7. ANTI-DOPING MAY NEED CONSTANT UPGRADES
Anti-doping enforcement is no longer just about catching cheaters. It’s about fixing a system that can’t always distinguish between intent and accident. The review argues that detection methods haven’t evolved fast enough to meet the complexities of modern supplement use and the rise of environmental contamination. Whether the banned substance came from a syringe or a contaminated sports drink, all failed drug tests have to be treated the same. This one-size-fits-all punishment model is wearing thin. With substances now detectable in vanishingly small amounts and inadvertent positives increasingly acknowledged in research, anti-doping needs a framework that can separate malicious intent from molecular misfortune.
STAY VIGILANT
Doping in combat sports is no longer a back-alley scandal.
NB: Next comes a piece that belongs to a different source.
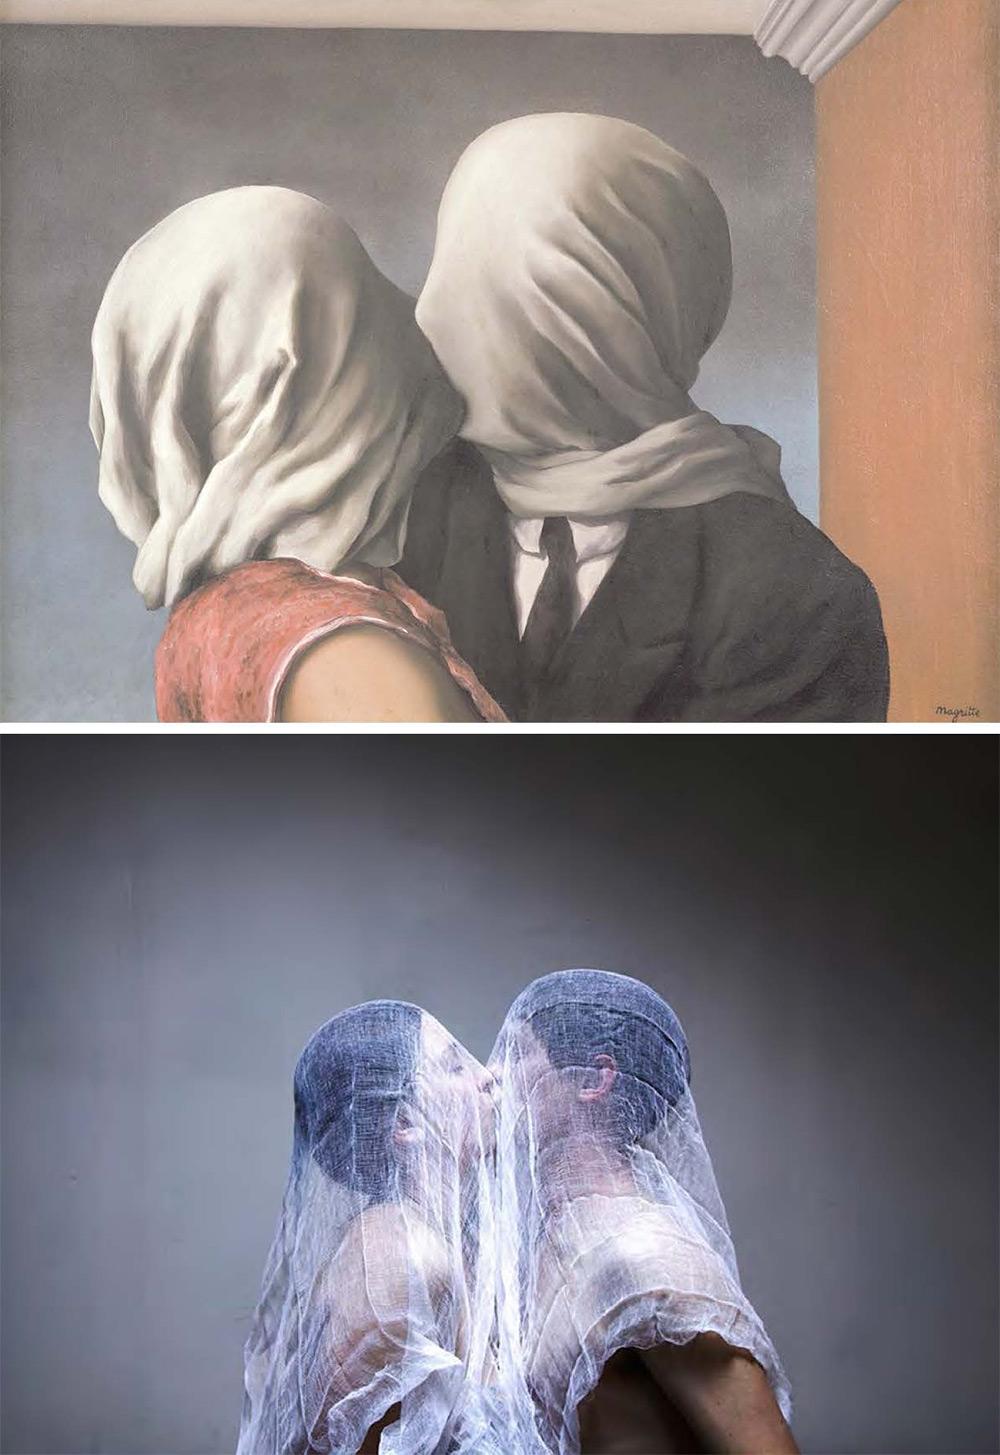 dipinti-famosi-interpretati-versione-fotografica-remake-6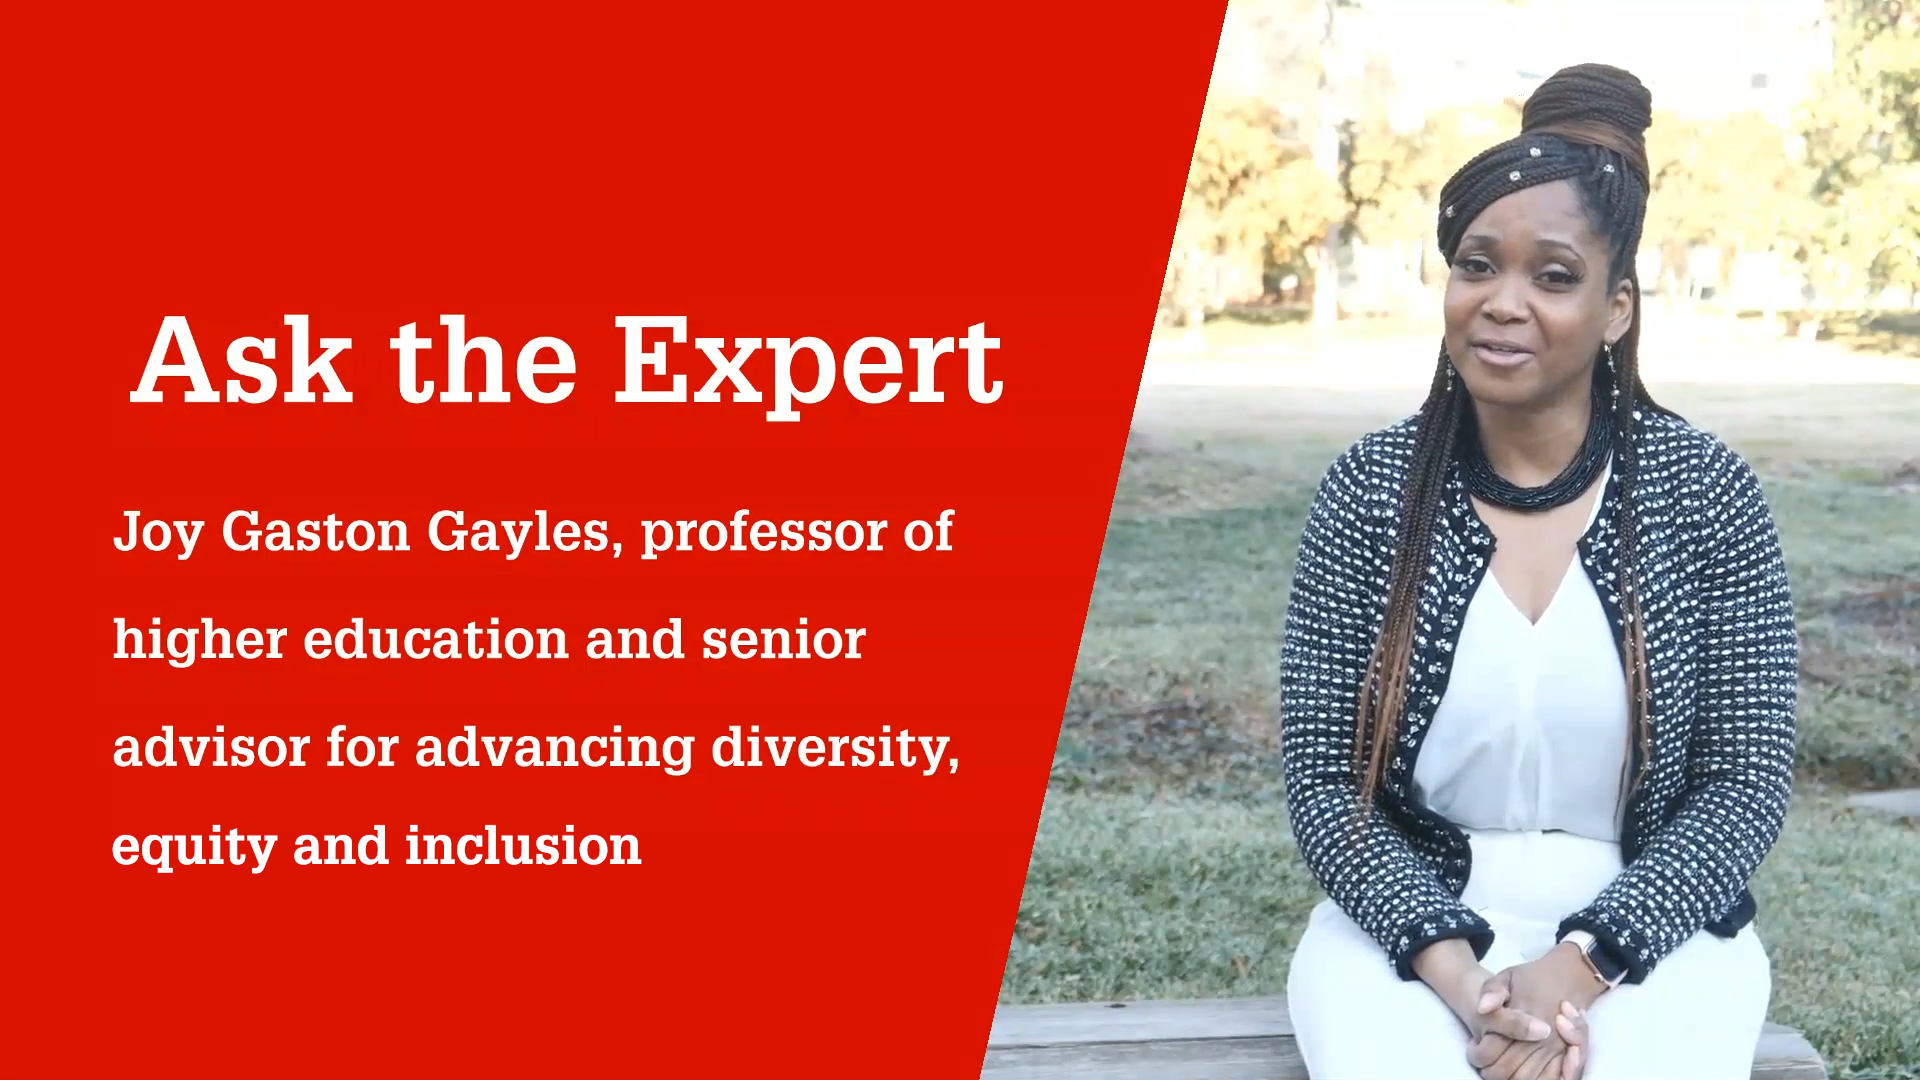 Professor Joy Gaston Gayles explains how educators can promote equity in their schools

It’s a system-wide migraine with legal, ethical, and performance-wrecking consequences. Whether it’s accidental contamination, social pressure, or out-of-date testing policies, fighters need to be more vigilant than ever. As Catlin puts it: “This is the time to be vigilant if you are an athlete.” So, skip the sketchy tubs, only buy supplement stacks certified by a globally recognized third-party certifying organization, and protect your rep like it’s the belt. Because in 2025, the fight before the fight might just be against a microgram you never even saw coming.